Management system based on OTT digital publishing rights the most according to claim 1, it is characterized in that: described user side application program is mainly by receiver module, demultiplexing module, deciphering module, playing module, described receiver module reads reception relief area the packet received from IP network, described demultiplexing module will do all one can out in ECM information packet from this relief area, with the deciphering of smart card, the packet removing ECM information is read in buffer queue, being deciphered with CW, last playing module obtains data from buffer queue and is play.

Management system based on OTT digital publishing rights the most according to claim 1, it is characterised in that: the concrete methods of realizing of described media authorization system comprises the steps:

(1) user side authorizes to media authorization system intended media, request；

(2) user profile is submitted to Subscriber Management System by media authorization system；The legitimacy of Subscriber Management System checking user, if being verified as legal, feeds back to media authorization system by the PKI of the UK of this user；

(3) business key SK of media information predetermined for user and this business is issued media encryption process and dissemination system by media authorization system, and the UK public key encryption of SK is fabricated to play License Info and is sent to user by media authorization system simultaneously.

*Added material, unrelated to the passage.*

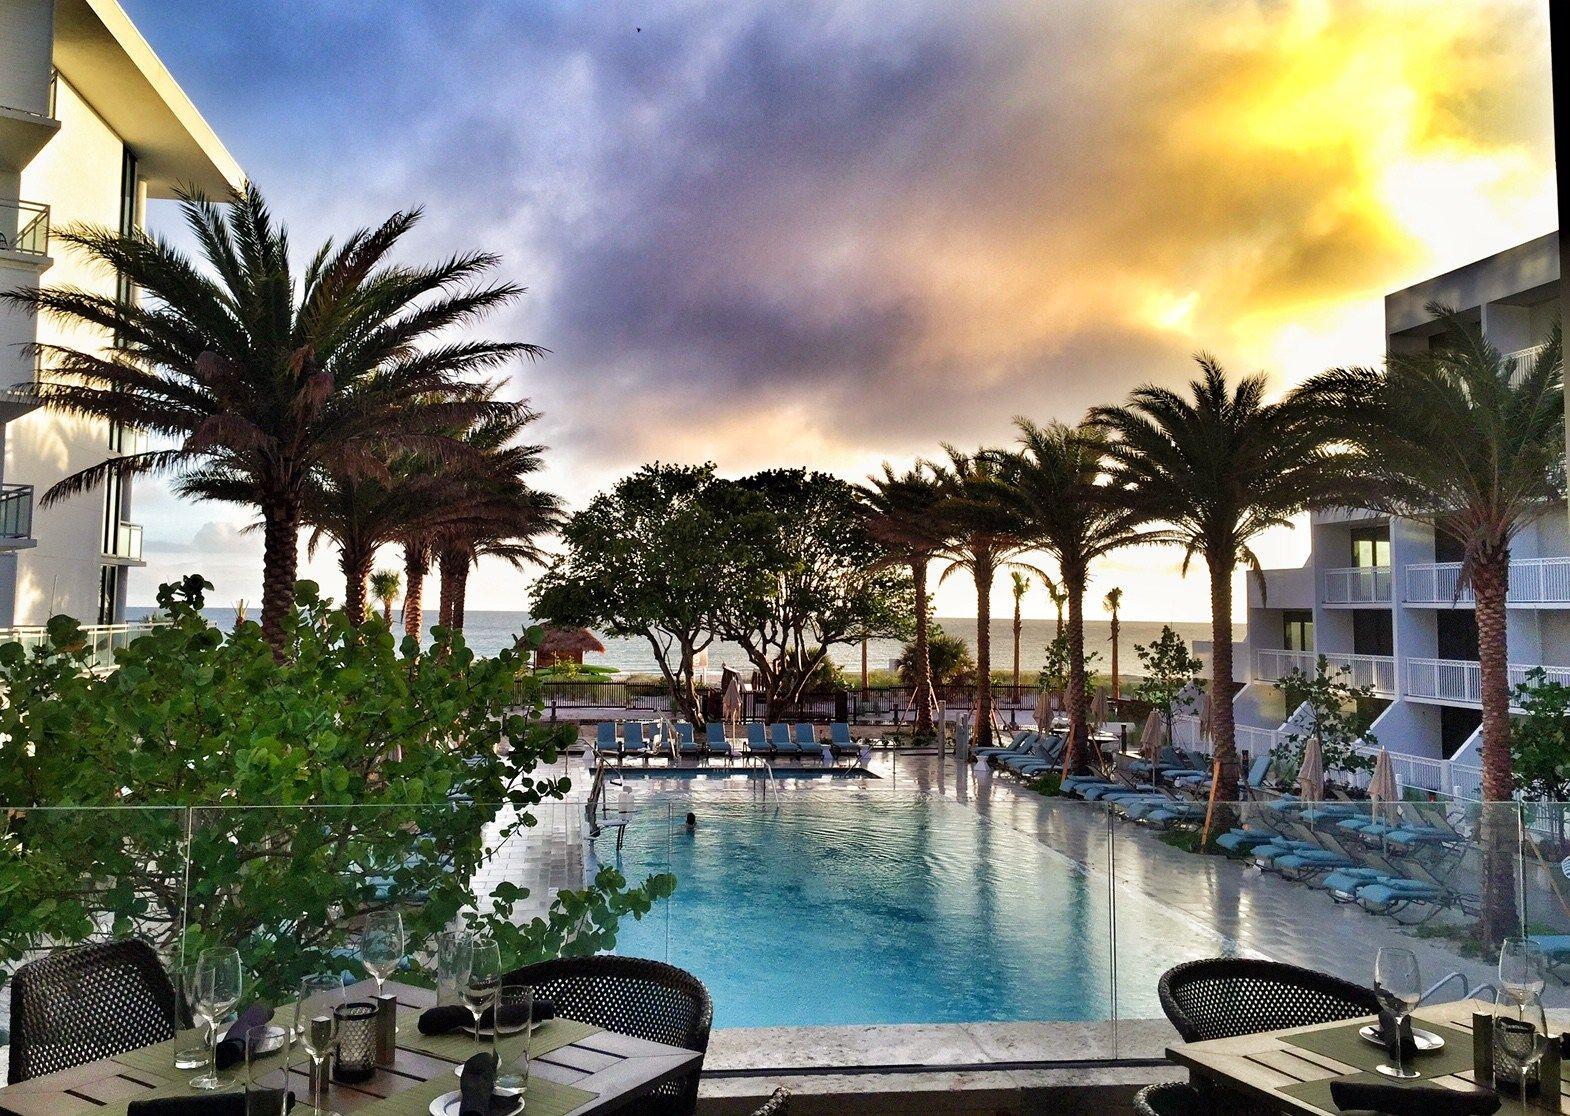 Zota Beach Resort In Longboat Key Florida Review Photos Acupful Travel Blog By Mandy Carter Sarasota Vacation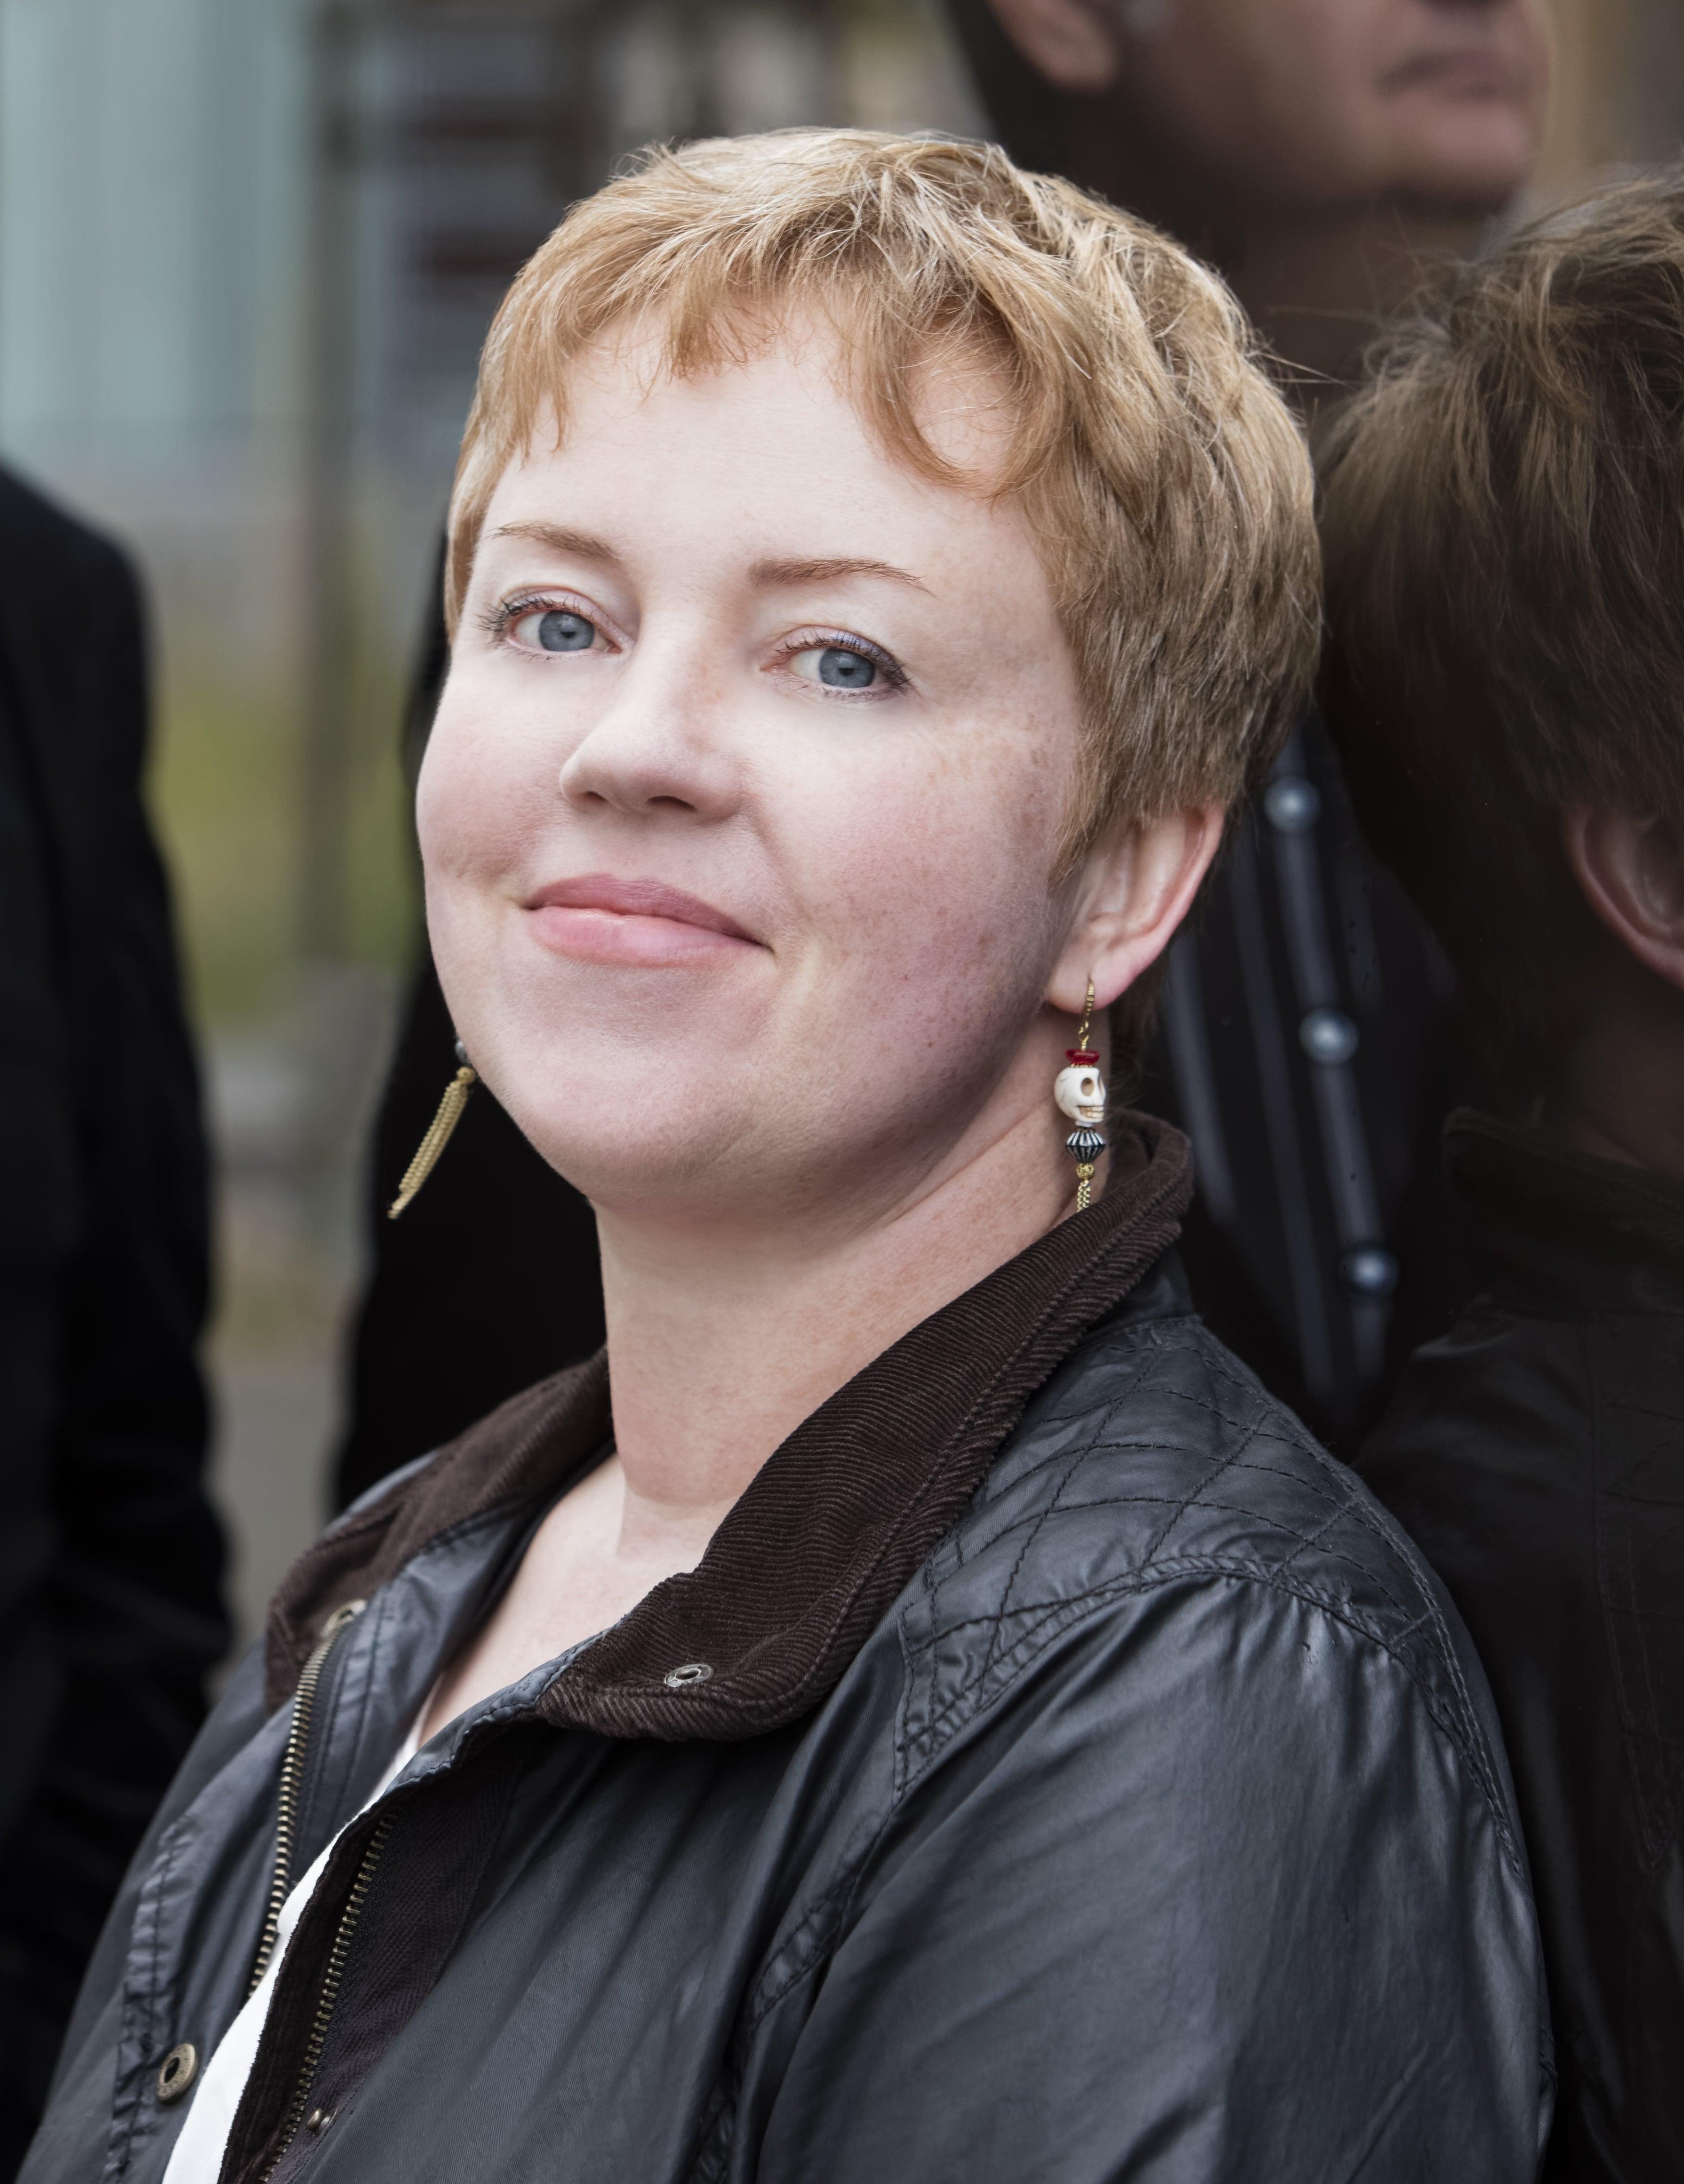 Astrid Ule

Management system based on OTT digital publishing rights the most according to claim 1, it is characterised in that: described media encryption processes and the concrete methods of realizing of dissemination system comprises the steps:

(1) packet of file reading in transmission buffer module district, the CW simultaneously using control word generator module to produce is sending buffer module zone encryption clear text file therein；

(2) cryptograph files will be obtained and write this relief area equally, and the most again the ECM that encryption CW obtains will be read in this relief area and carries out Multiplexing module with the cryptograph files in this relief area；

(3) finally by sending module, it is reached IP network again.